# Data Science Interview Questions

## Problem: Fair and unfair coins
This problem was asked by Facebook.   
There is a fair coin (one side heads, one side tails) and an unfair coin (both sides tails).  
You pick one at random, flip it 5 times, and observe that it comes up as tails all five times. What is the chance that you are flipping the unfair coin?



#### Solution
$$P(unfair|5 tails) = P(5 tails|unfair) * P (unfair) = 1 * 0.5 = 0.5$$

In [2]:
p_unfair = 1
p_fair = 0.5**5
p_fair

0.03125

In [3]:
p_unfair / (p_unfair + p_fair)

0.9696969696969697

---

## Problem: Min of two uniform distributions 
This problem was asked by Google.    
Say we have X ~ Uniform(0, 1) and Y ~ Uniform(0, 1). What is the expected value of the minimum of X and Y?

#### Solution
Let $Z = min(X, Y)$. Then we know:

$P(Z \le z) = P(X \le z, Y \le z) = 1 - P(X > z, Y > z)$        
$P(Z≤z)=P(X≤z,Y≤z)=1−P(X>z,Y>z)$        

For a uniform distribution the following is true for a value of z between 0 and 1:    

$P(X > z) = 1-z \space \text{and} \space P(Y>z) = 1 - z$        
$P(X>z)=1−z and P(Y>z)=1−z$    

Since X and Y are iid, this yields:    

$P(Z \le z) = 1 - P(X > z, Y > z) = 1 - (1-z)^2$
$P(Z≤z)=1−P(X>z,Y>z)=1−(1−z)^2$

Now we have the CDF of z. We can get the PDF by taking a derivative to get:    

$f_Z(z)= 2(1-z)

Then we can solve for the expected value by taking the integral:    

$E[Z] = \int_{0}^{1} zf_Z(z)dz = 2\int_{0}^{1} z(1-z)dz = 2(\frac{1}{2}-\frac{1}{3}) = \frac{1}{3}$

---

## Problem: Fraud detection trade-offs
This problem was asked by Affirm.    
Assume we have a classifier that produces a score between 0 and 1 for the probability of a particular loan application being fraudulent.    
In this scenario:    
- a) what are false positives 
- b) what are false negatives
- c) what are the trade-offs between them in terms of dollars and how should the model be weighted accordingly?

#### Solution
- a) False positive would be all those loans not fraudulent, being classified as fraudulent
- b) False negatives would be all those fraudulent loans classified as not-fraudulent
- c) We definitely want to avoid false negatives in this case.
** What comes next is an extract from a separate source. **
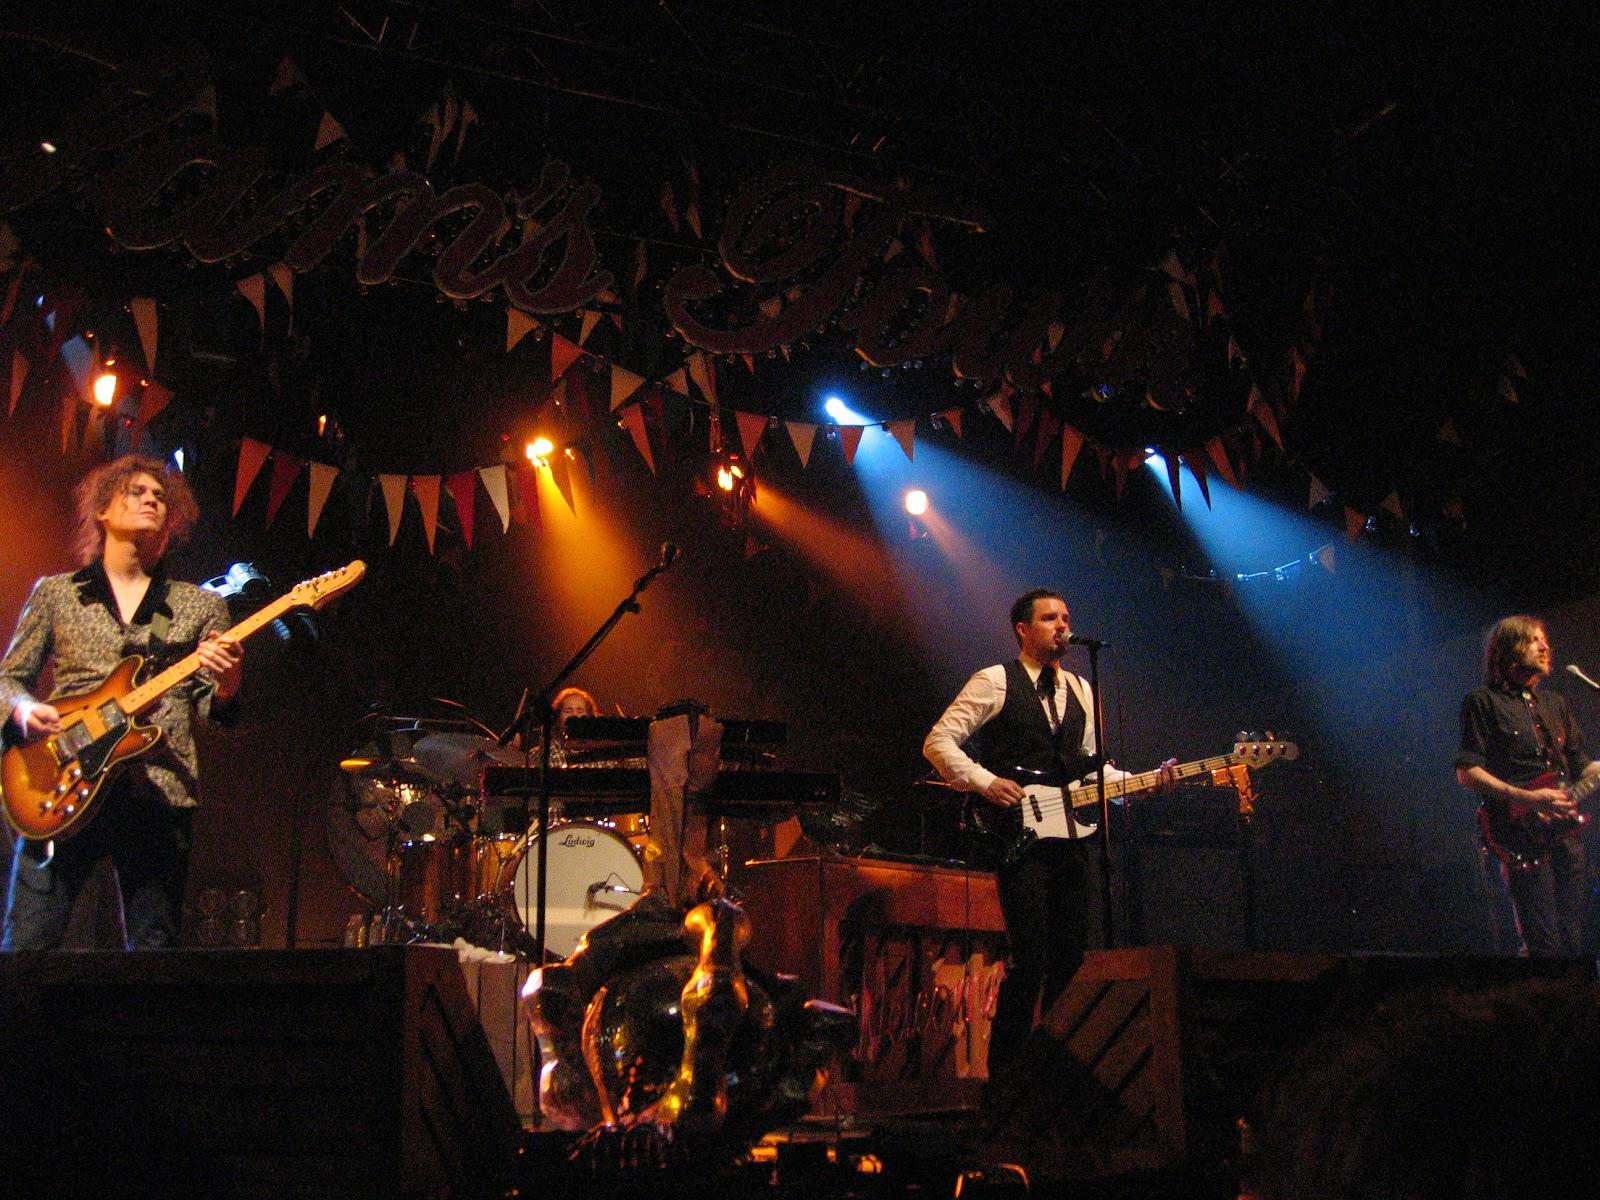 http://2.bp.blogspot.com/-X9laTIlTQdk/T1CmAa4xHcI/AAAAAAAAAgA/7BdOUiN-foQ/s1600/The_Killers_in_concert.jpg

One way would be to adjust the cost function to weight more the false negatives cases.

---

## Problem: Ranking list of shows 
This problem was asked by Netflix.    
How would you design a metric to compare rankings of lists of shows for a given user?    

#### Solution
- Kind of an edit distance for strings, which tell me how many changes away is one list to become the other.
- Weighted sum of simillar titles, creating the weights by the (priority) first appearence on the list

---

## Problem: Measure user retention 
This problem was asked by Facebook.    
Assume you have the below tables on user actions. Write a query to get the active user retention by month.     
user_actions    
    
column_name	type    
user_id	integer     
event_id	string ("sign-in", "like", "comment")    
timestamp	datetime     

#### Solution
In the actions table, we can first define a temporary table called "mau" to get the monthly active users by month. Then we can do a self join by comparing every user_id across last month vs. this month, using the add_months() function to compare this month versus last month, as follows:
```sql
WITH mau AS
    (SELECT DISTINCT DATE_TRUNC(‘month’, timestamp) AS month, user_id FROM user_actions)

SELECT
    mau.month,
    COUNT(DISTINCT user_id) AS retained_users
FROM
    mau curr_month
JOIN
    mau last_month
ON curr_month.month = add_months(last_month.month, 1)
    AND curr_month.user_id = last_month.user_id
GROUP BY 1 ORDER BY 1 ASC

```

---

## Problem: 
This problem was asked by Robinhood.

Given a number n, return the number of lists of consecutive positive integers that sum up to n.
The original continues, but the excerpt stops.